Воспоминания ЛЕТЧИКА-ИСТРЕБИТЕЛЯ
Крамаренко Сергея Макаровича
Часть 1
В 1940 году я учился в 10 классе в селе Выбор Новожинского районе село Выбор Псковской области. Легендарные полеты Чкалова, Громова, Гризадубовой – они производили огромное впечатление на молодых ребят. Мы играли в авиацию, писали сочинения о том, как будет полеты на Марс, как будут полеты через Полюс, наши впечатления о советских летчиках, так что в 10-м классе я послал письмо в Борисоглебскую летную школу, с просьбой о зачислении. Однако в мае пришел ответ, что первый курс уже набран, и поступить можно только в следующем году.
У меня в Москве были родственники, так что я поехал в Москву и стал ходить по институтам. Первым делом я пошел в авиационный институт. Так как я закончил 10-й класс на отлично, у меня был отличный аттестат, думал, что меня будут везде принимать, но в авиационном институте сказали, что у них лимит отличников набран. Если я смогу сдавать экзамены и жить где-то у родственников, то, пожалуйста – меня допустят до экзаменов. Это для меня не подходило, потому что мать была учительницей, нас было трое детей и жили мы очень бедно, снимать квартиру я не мог. Пришел в Институт связи. Там также было все набрано, общежития нет, надо было поступать на общих основаниях. Пошел в железнодорожный институт. МИИТ. Мне сказали, что там тоже занято. Но там рядом есть электромеханический институт, одно из подразделений МИИТа. Я пошел туда. Там оказалось общежитие, был недобор. Меня приняли без экзаменов. Это был 1940 год. В Европе полыхала война и мы все ожидали нападения на Советский Союз Германии.

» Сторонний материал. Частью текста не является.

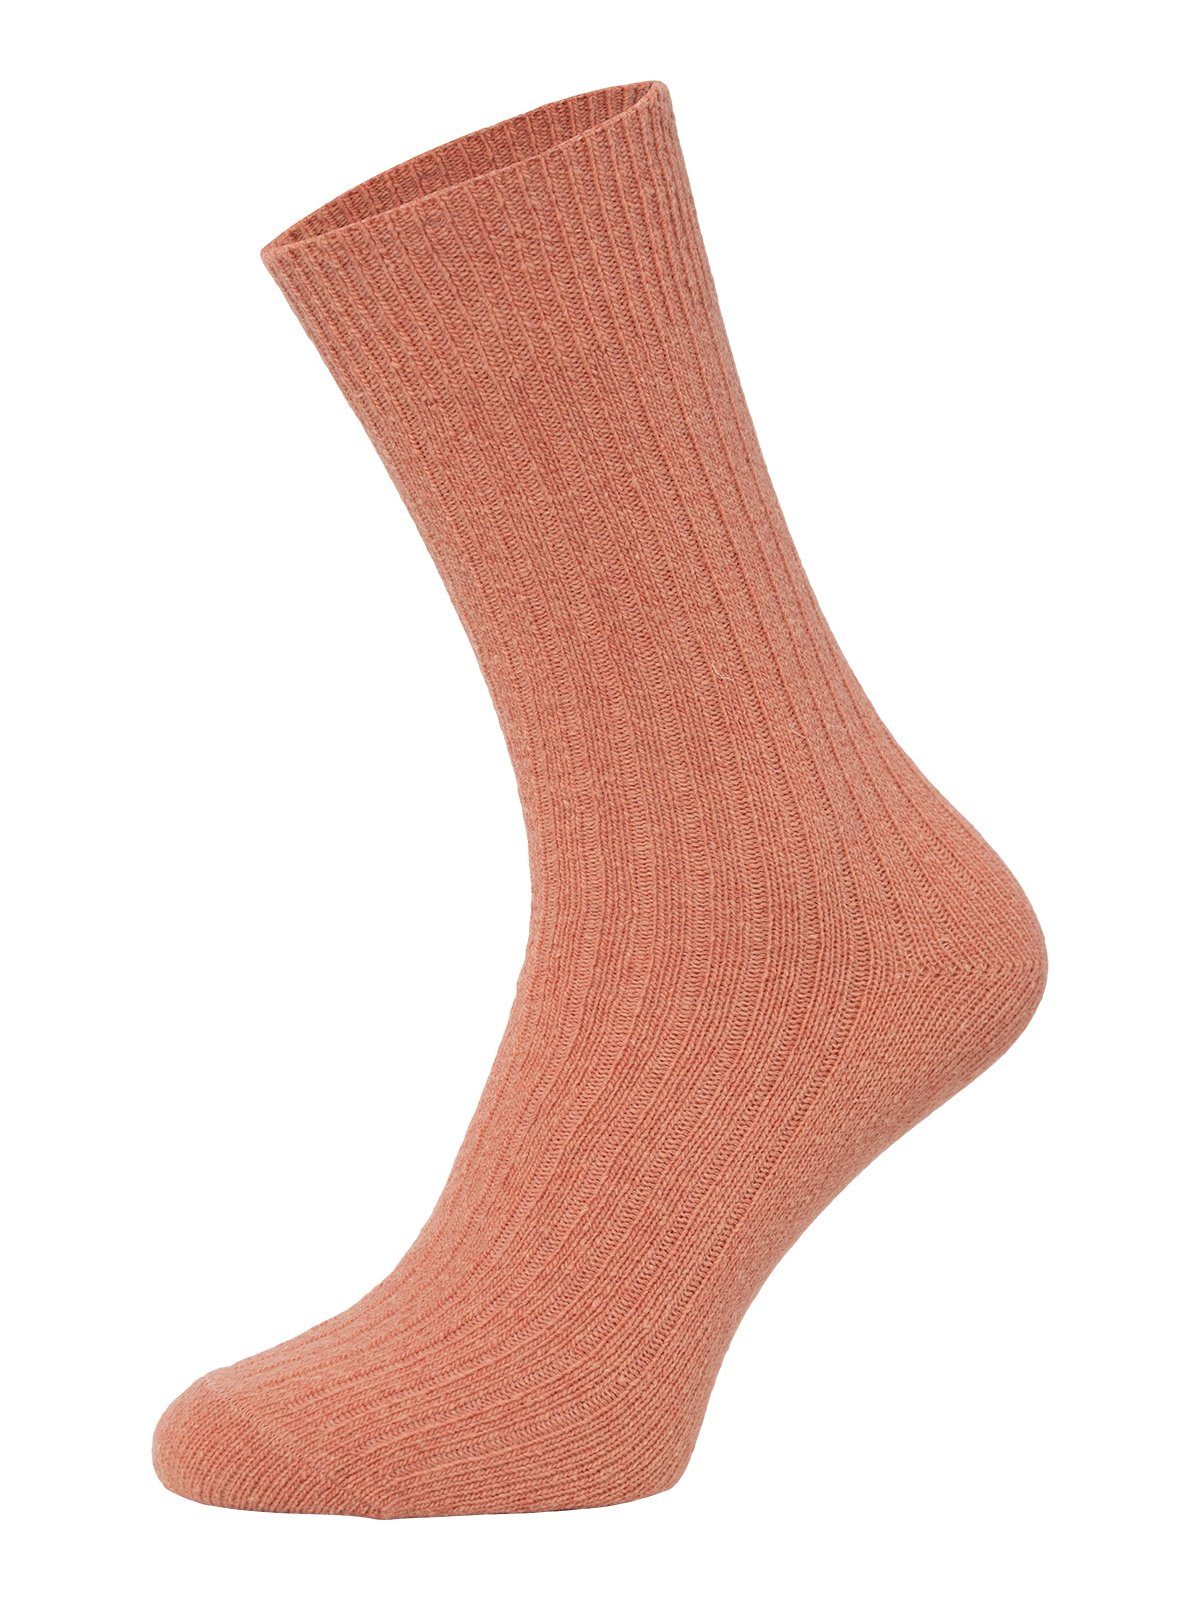 HomeOfSocks Socken Dünne Bunte Wollsocken mit 72% Wollanteil Hochwertige Uni Wollsocken Dünn Bunt Druckarm Altrosa

В октябре 1940 года комитет комсомола института предложил мне поступить в Дзержинский аэроклуб. Я подал заявление, прошел медицинскую комиссию и меня приняли. Это был ускоренный набор, обучение проходило три месяца, так что в аэроклубе я занимался с отрывом от обучения в институте.
Начались занятия теорией. 2 месяца занимались теорией – теория полетов, аэродинамика, метеорология. И другие дисциплины, которые были нужны для летчика. Занимались по 8-10 часов в день. А затем начались полеты. Мы летали с аэродрома Крюково в г. Зеленограде. Приехали мы в общежитие, которое было на аэродроме, нас в группе было 10 человек, инструктор был молодой летчик Дедыкин. В течение двух недель мы летали почти каждый день.
Первый полет был незабываемый. Меня посадили на самолет, инструктор был в первой кабине, я в задней. Мотор запустился, мы вырулили на взлетную полосу, стартер махнул флажком. Радио не было, только было переговорное устройство – из первой кабины резиновый шланг и на ухо такой наушник. Самолет бежит все быстрее и быстрее, потом подскочил, и мы весим в воздухе. Скорость растет, растет, пошли в набор. Все мелькает, потом селение, домики, железная дорога, идут маленькие паровозики. Сделали круг, потом второй, пошли на посадку. Инструктор спрашивает:
- Вы что-нибудь поняли?
– Пока ничего не понял, но вижу, что летать можно.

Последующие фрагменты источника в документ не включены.